As technologies continue to shrink, memory system failure rates have increased, demanding support for stronger forms of reliability. In this work, we take inspiration from the two-tier approach that decouples correction from detection and explore a novel extrapolation. We propose Dvé, a hardwaredriven replication mechanism where data blocks are replicated in 2 different sockets across a cache-coherent NUMA system. Each data block is also accompanied by a code with strong error detection capabilities so that when an error is detected, correction is performed using the replica. Such an organization has the advantage of offering two independent points of access to data which enables: (a) strong error correction that can recover from a range of faults affecting any of the components in the memory, upto and including the memory controller, and (b) higher performance by providing another nearer point of memory access. Dvé realizes both of these benefits via Coherent Replication, a technique that builds on top of existing cache coherence protocols for not only keeping the replicas in sync for reliability, but also to provide coherent access to the replicas during fault-free operation for performance. Dvé can flexibly provide these benefits on-demand by simply using the provisioned memory capacity which, as reported in recent studies, is often underutilized in today's systems. Thus, Dvé introduces a unique design point that offers higher reliability and performance for workloads that do not require the entire memory capacity.
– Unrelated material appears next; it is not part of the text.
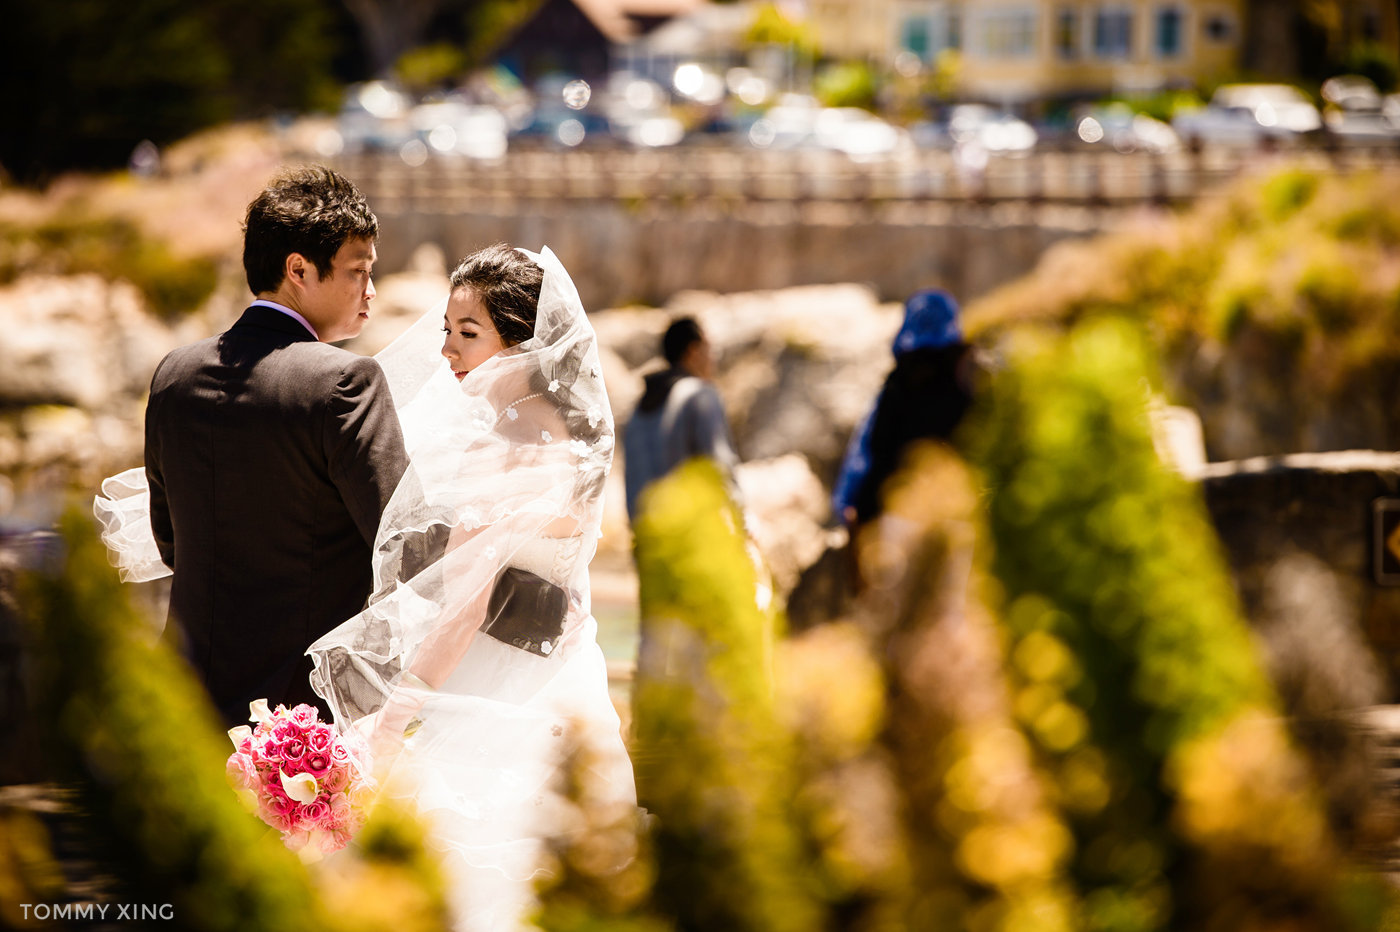 Lovers Point Park Wedding Monterey Wenping & Li  San Francisco Bay Area 旧金山湾区 洛杉矶婚礼婚纱照摄影师 Tommy Xing Photography 124.jpg

Āpta: Fault-tolerant object-granular CXL disaggregated memory for accelerating FaaS

Patil

Nikoleris

et al. 2023

As cloud workloads increasingly adopt the faulttolerant Function-as-a-Service (FaaS) model, demand for improved performance has increased. Alas, the performance of FaaS applications is heavily bottlenecked by the remote object store in which FaaS objects are maintained. We identify that the upcoming CXL-based cache-coherent disaggregated memory is a promising technology for maintaining FaaS objects. Our analysis indicates that CXL's low-latency, high-bandwidth access characteristics coupled with compute-side caching of objects, provides significant performance potential over an in-memory RDMA-based object store.We observe however that CXL lacks the requisite level of faulttolerance necessary to operate at an inter-server scale within the datacenter. Furthermore, its cache-line granular accesses impose inefficiencies for object-granular data store accesses.We propose Āpta, a CXL-based object-granular memory interface for maintaining FaaS objects. Āpta's key innovation is a novel fault-tolerant coherence protocol for keeping the cached objects consistent without compromising availability in the face of compute server failures. Our evaluation of Āpta using 6 full FaaS application workflows (totaling 26 functions) indicates that it outperforms a state-of-the-art fault-tolerant object caching protocol on an RDMA-based system by 21-90% and an uncached CXL-based system by 15-42%.